The haphazard way in which capital budget decisions are made is just one element of a flawed process.
Residents of Southeast will object that they were unfairly targeted in the vetoes, but the fault lies with legislators from their part of the state who tried to make off with “everything but the squeal.”
With a plan to spend $5,832 per capita in Sitka and $1,640 per capita in the Fairbanks area, the imbalance was obvious.
If the vetoes in the Fairbanks area were not severe, that’s because there was not much to cut.
We had two-fifths of the Senate minority and one-fifteenth of the Senate majority, which made for a diet that bordered on vegetarian.
Palin cut $268 million, which was less than 10 percent of the $3 billion capital budget.
For Anchorage, she let stand a $15 million appropriation to begin planning and dirt work for a new $80 million to $100 million sports facility at UAA.
The UA regents did not ask for the $15 million.
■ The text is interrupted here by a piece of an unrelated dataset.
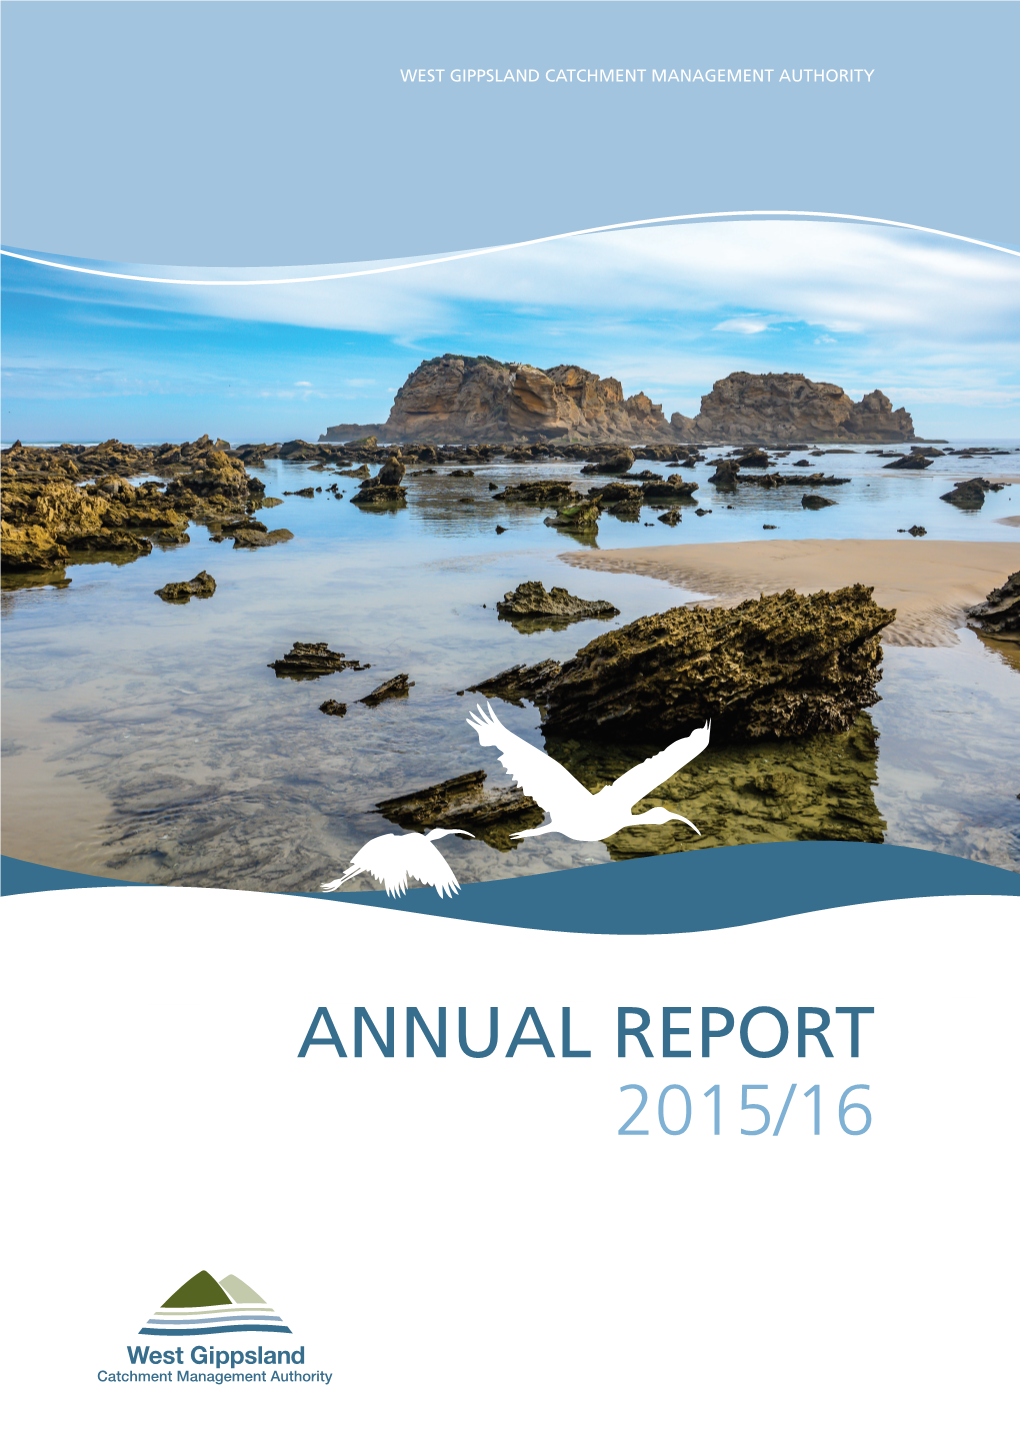 ANNUAL REPORT 2015/16 As a Leader in Natural Resource Management We Will Inspire and Facilitate Partnerships and Action to Achieve Improved Catchment Health

They did ask for $1 million, but it was barely noticeable on the UA wish list.
The Legislature funded the top priority of the regents, $48 million to repair equipment and buildings, and the No. 3 priority, a $46 million health sciences building in Anchorage.
But lawmakers ignored the second priority, $66 million for the first phase of a new Fairbanks science building that has been needed for years.
That the regents believe the academic building for UAF is more important than the sports building for UAA should have produced a different result in Juneau.
But defenders of the status quo say the Legislature has worked this way ever since oil money began to flow in the billions.
More than one person has labeled my attitude as naive.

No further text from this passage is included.